Economist and author Diane Coyle runs the consultancy
Enlightenment Economics. She is Vice Chair of the BBC
Trust. She is a member of the Migration Advisory Committee,
was a member of the Browne Review of higher education
funding, and was on the Competition Commission for eight
years. Diane is also a visiting professor at the University
of Manchester.
She specialises in competition policy, network
markets, the economics of new technologies and
globalisation, including extensive work on the impacts of
mobile telephony in developing countries.

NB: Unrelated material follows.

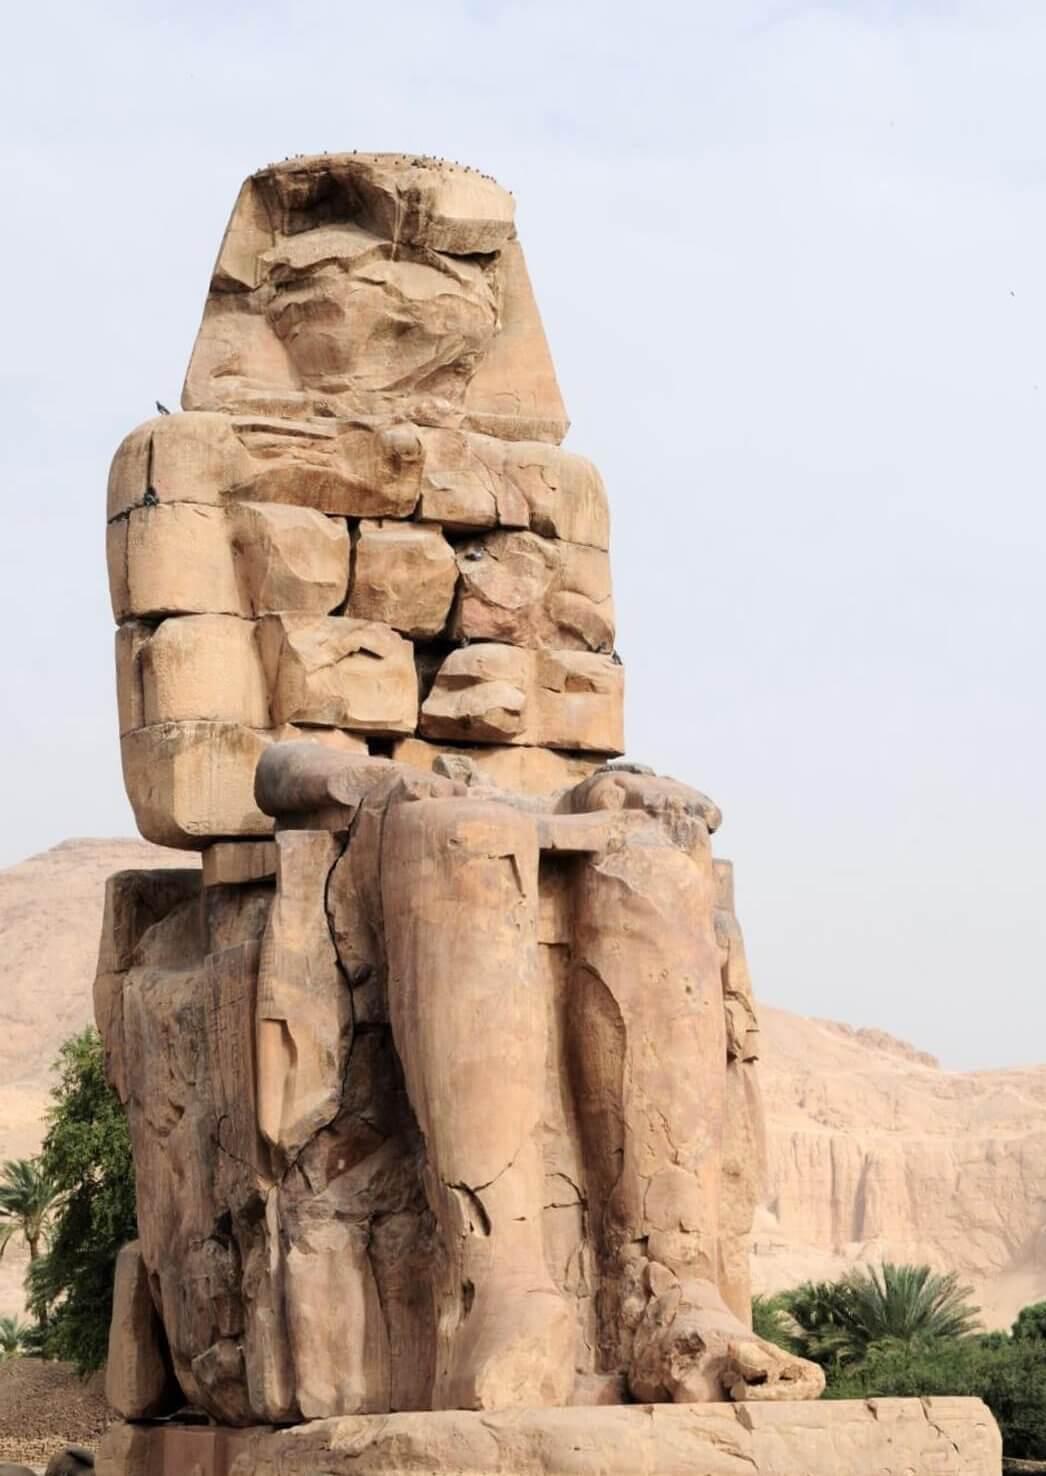 Nijlcruise Egypte piramides tempels

On 27 February 2012, Diane will be giving the
Joseph Rowntree Foundation Lecture
at the University of York, on ‘Inequality and
Institutional Reform’. On 18-19 May 2012, she will be
giving the
Tanner Lectures at Brasenose
College, Oxford, on ‘The Public Responsibilities of
the Economist’.
Diane is the author of several bestselling books. The
latest is
The Economics of Enough (March 2011,
Princeton University Press), the previous one
The
Soulful Science (Princeton University Press 2007), Her
first book was
The Weightless World (1996), one of
the very first to identify the impact of new technologies
on the economy and society. Others include
Sex, Drugs
and Economics (2002,
Paradoxes of
Prosperity (2001), and
Governing the World
Economy (2000), all translated into many languages.
She has also published numerous book chapters, reports and
articles, and was formerly a regular presenter on BBC Radio
4's
Analysis.
Diane was previously Economics Editor of The
Independent and before that worked at the Treasury and in
the private sector as an economist. She has a PhD in
economics from Harvard.
Diane was awarded an OBE in January 2009.